Material supplied
==============================

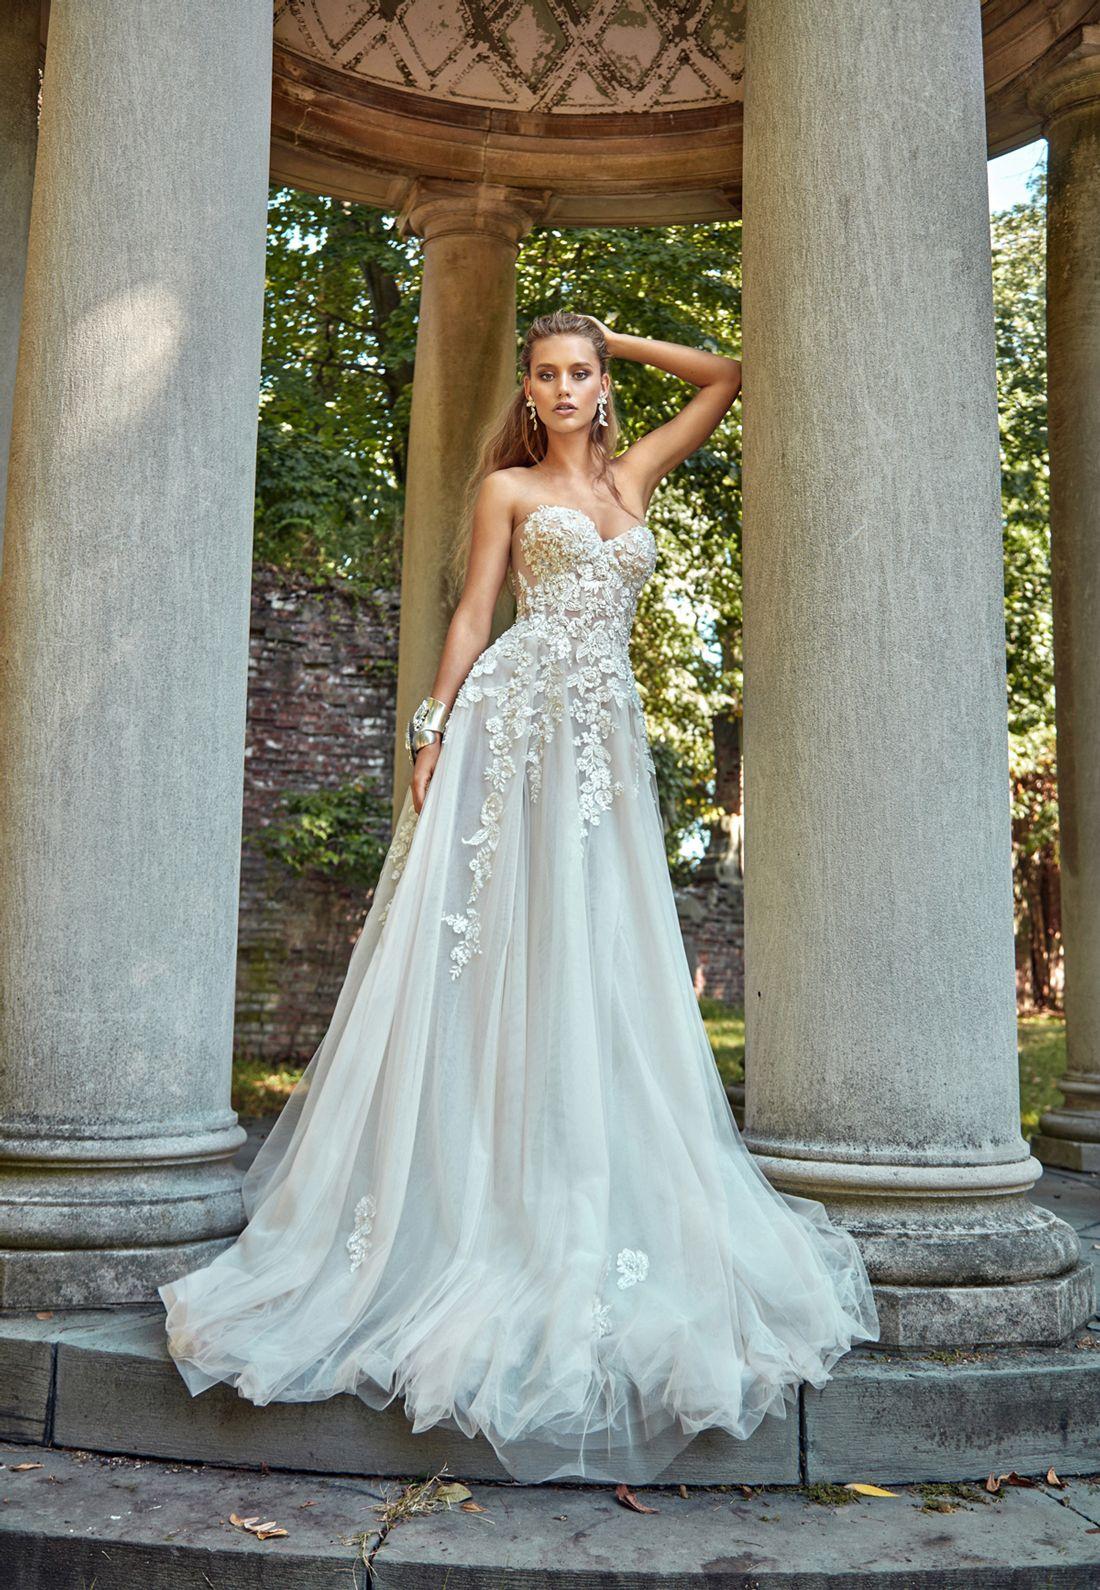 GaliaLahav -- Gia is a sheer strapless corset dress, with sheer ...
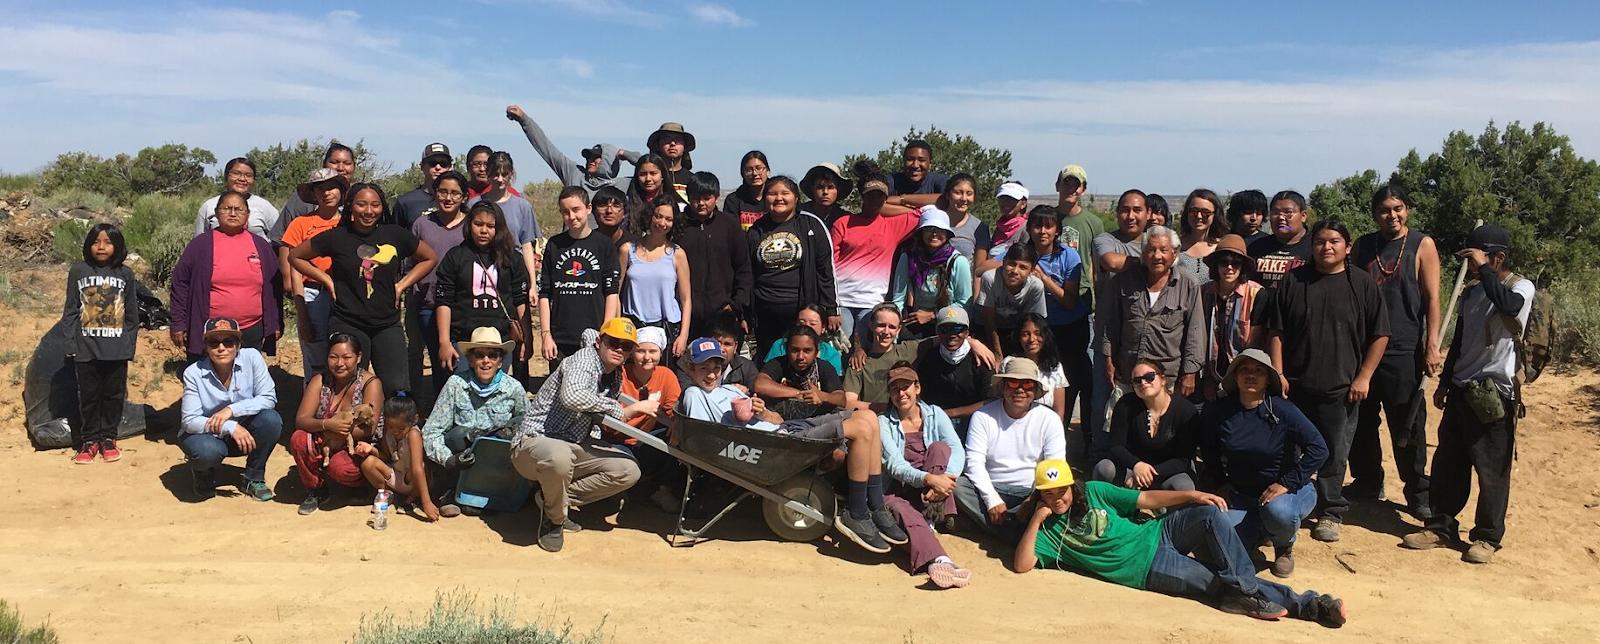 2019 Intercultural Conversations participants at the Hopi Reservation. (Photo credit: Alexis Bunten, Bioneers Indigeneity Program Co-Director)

==============================

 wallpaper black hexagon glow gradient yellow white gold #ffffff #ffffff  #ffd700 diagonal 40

==============================

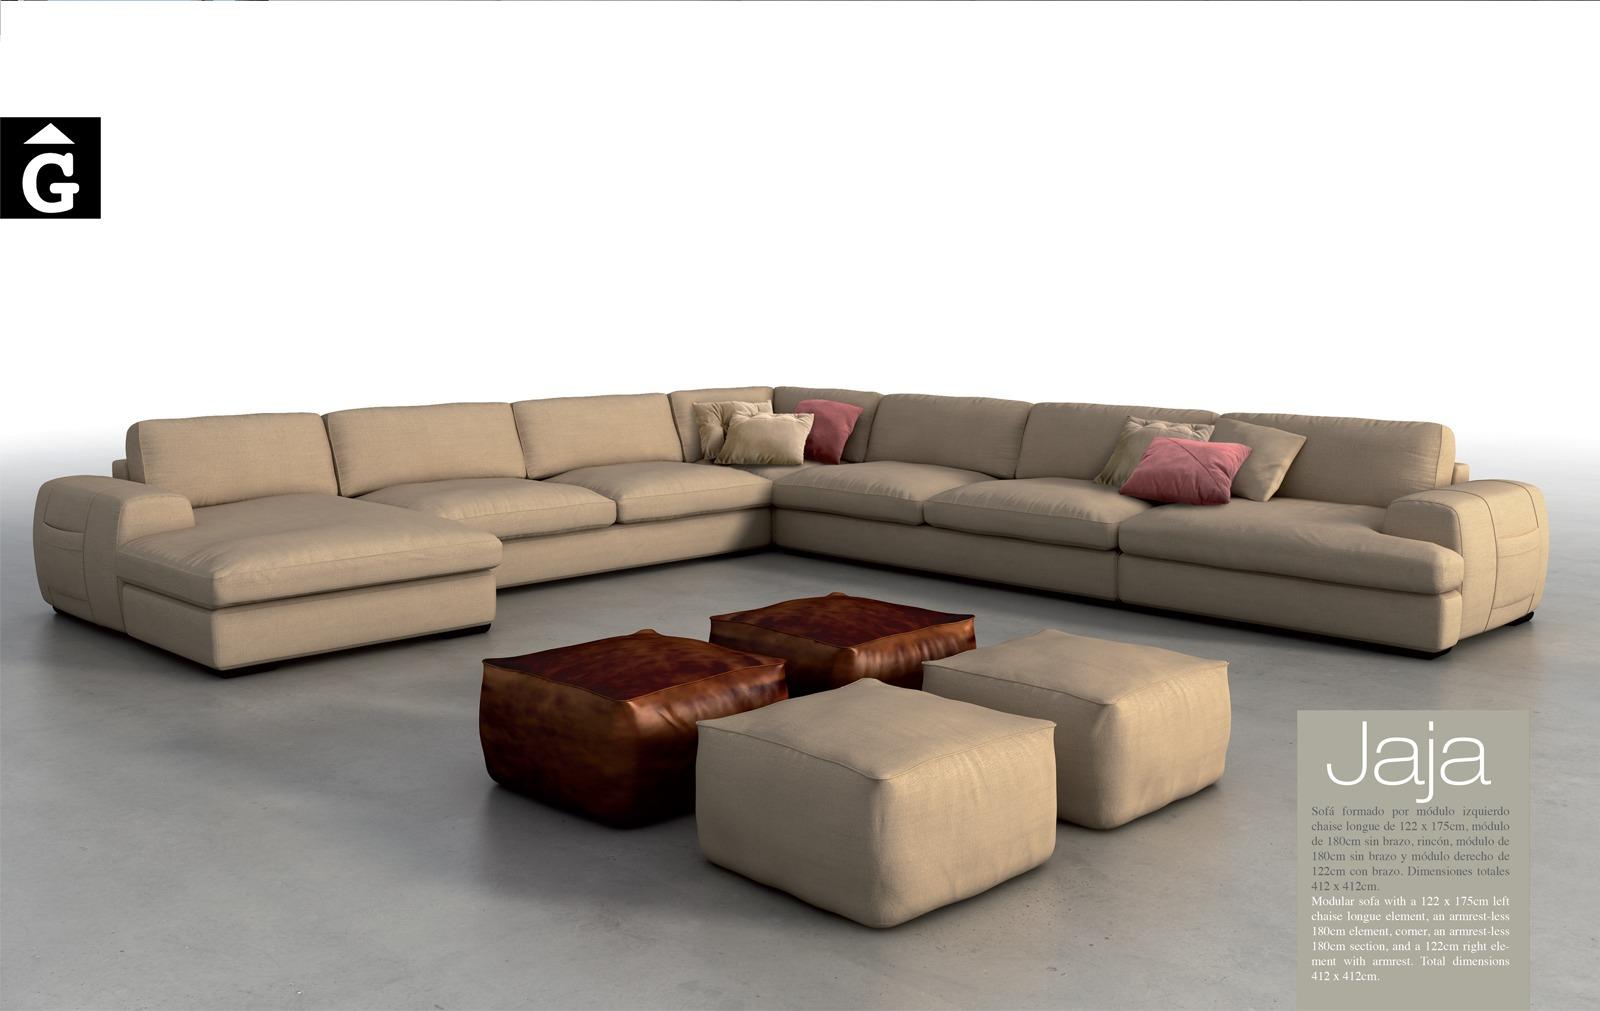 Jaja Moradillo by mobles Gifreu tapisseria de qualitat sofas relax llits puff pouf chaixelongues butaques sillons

==============================

Aim of the task
From the line with "GaliaLahav -- Gia" up to and including the line with "2019 Intercultural Conversations" above, retype every line exactly and nothing more; leave out the pictures.

Response to the exercise
 GaliaLahav -- Gia is a sheer strapless corset dress, with sheer ...
 2019 Intercultural Conversations participants at the Hopi Reservation. (Photo credit: Alexis Bunten, Bioneers Indigeneity Program Co-Director)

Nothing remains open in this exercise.